Why It’s a Dangerous Place? -A project moving smoothly without any errors could mean one of the following things

  • People are not reporting mistakes or
  • Team members are not exploring any new ideas or
  • They are not trying hard enough or pushing themselves beyond their perceived abilities.

There could be only one reason behind all the above implications -People are scared -They are afraid of sharing their mistakes -They are not exploring new ideas because they fear errors and subsequent punishment.

No mistakes mean no new ideas in the organization.

DO BETTER TEAMS MAKE FEWER MISTAKES? -In the late 1990s, Amy Edmondson, professor at Harvard Business School, studied healthcare professionals to understand whether better teams make fewer medicational errors in the workplace.

Surprisingly, her research showed that highly effective teams made more mistakes in their work. She couldn’t believe it. Digging deeper, she realized that it wasn’t that better teams were making more mistakes. It was that they openly reported all the mistakes they made and owned up those errors. That was the reason how they became better teams in the first place.

And, there’s a critical reason for this behavior -The healthcare professionals could share their mistakes because their organizational culture didn’t punish or humiliate them for sharing their mistakes.

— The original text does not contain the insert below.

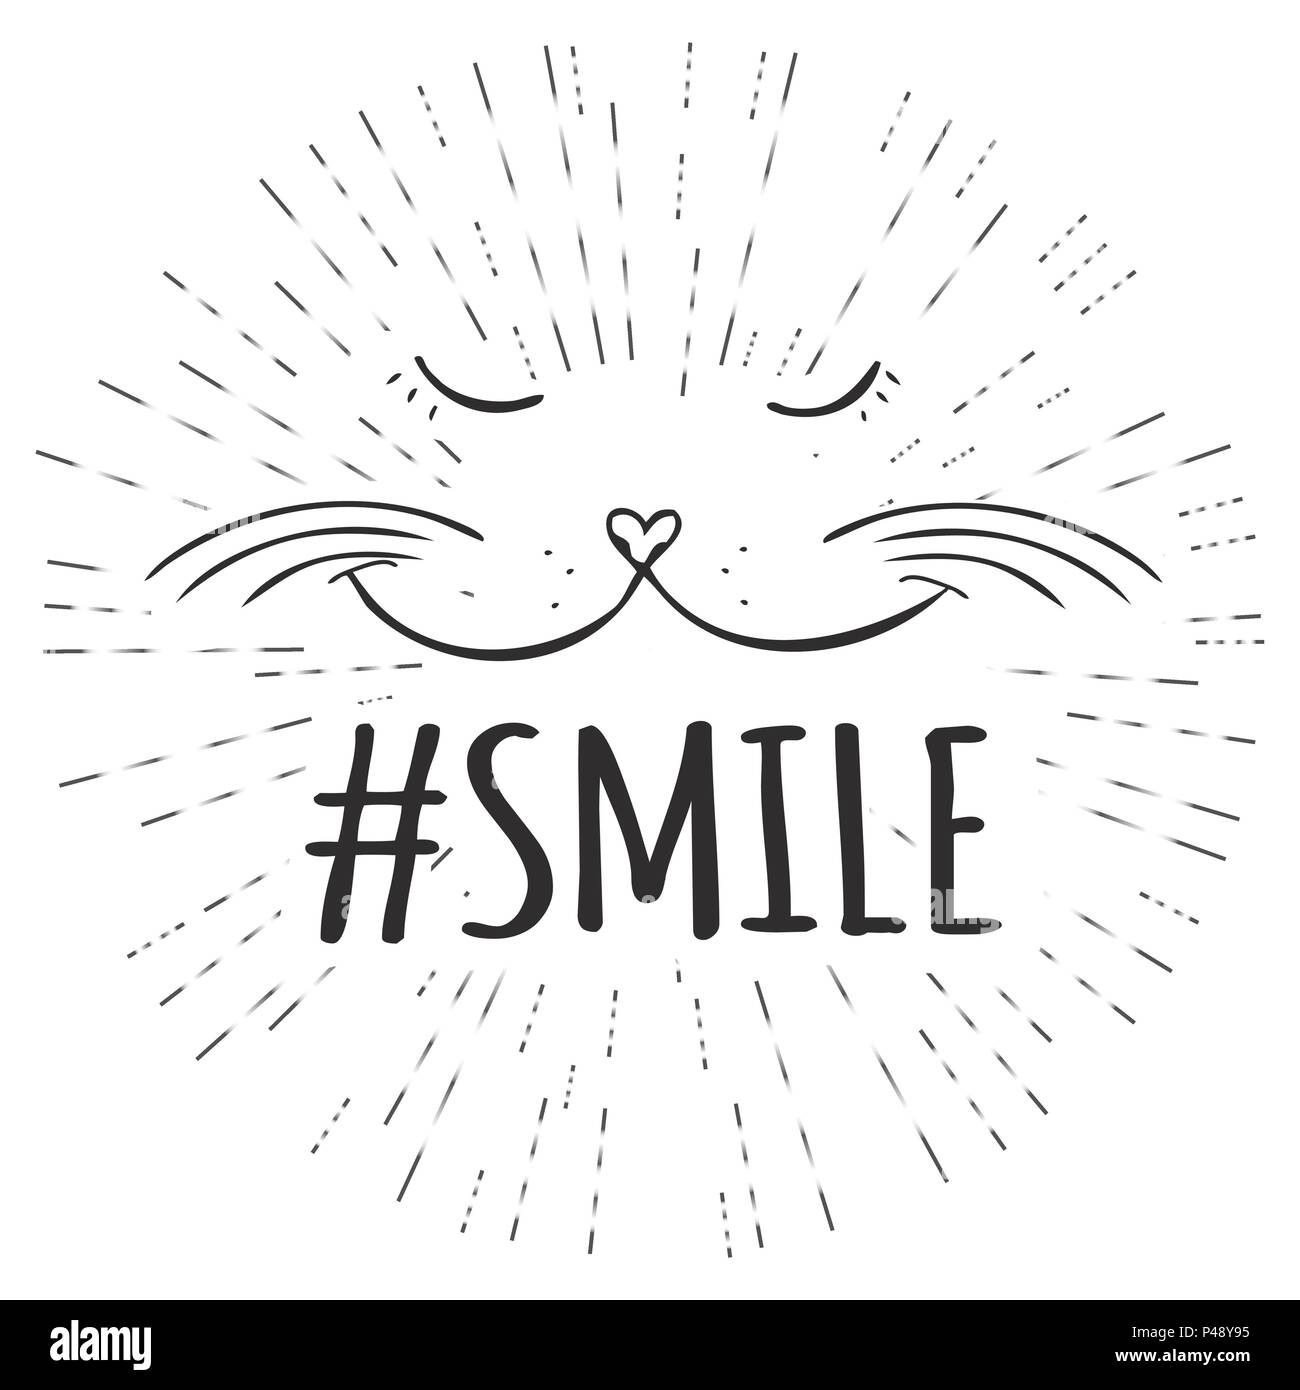 Smiling cat beluga | Poster

The fastest way to succeed is to double your failure rate -IBM’s Thomas Watson, Sr.

To build a sustainable business, a brand has to continuously develop and launch a breakthrough product or process or service. It necessitates a culture of risk-taking and exploration of new ideas. Original ideas mean uncertainty. Naturally, there would be mistakes. That means the organization has to encourage and tolerate mistakes and allow people to learn from them. Then it has to share those lessons of failures/successes across the company. Walmart’s founder Sam Walton used to share individual success and failure stories, learnings across the chain of stores.

A company that encourages mistakes fosters risk-taking culture, resulting in big picture ideas.

So, how to build a culture that encourages mistakes or failures in an organization?

MINDSET

The first and foremost challenge an organization faces in implementing a culture of encouraging mistakes is people’s mindset towards failure. The company may have the best-supporting leadership, but employee’s ingrained negative attitude towards failure could play a spoilsport. We cannot blame people for this perception.

From an early age, society and it’s social behavior norms have implanted the thought that failures are taboo & disgusting, deeply in our minds. If you didn’t score marks in a subject -it’s shameful because you didn’t prepare well, or you’re lazy, or you’re playful or you’re incapable. You were stigmatized as a failure by people.

In my tenth standard, I was a failure. I cried. I felt ashamed. I had a tough time seeing classmates, teachers, neighbors, relatives, and strangers who enquire about my results. Once, one of my neighbor’s daughter committed suicide when she failed in the tenth standard. It was painful.

When we fail or make a mistake, what we fear is not the event itself but perception of us in other’s eyes. Failures create a negative image of us in other’s minds. It affects our future opportunities and future behavior. It is a fact that sometimes, it would be difficult or nearly impossible to erase that negative association from people’s minds. One mistake could ruin everything in a relationship. No wonder why we condone failures!.

Don’t worry about looking good in other’s eyes -Worry about achieving your goals -Ray Dalio.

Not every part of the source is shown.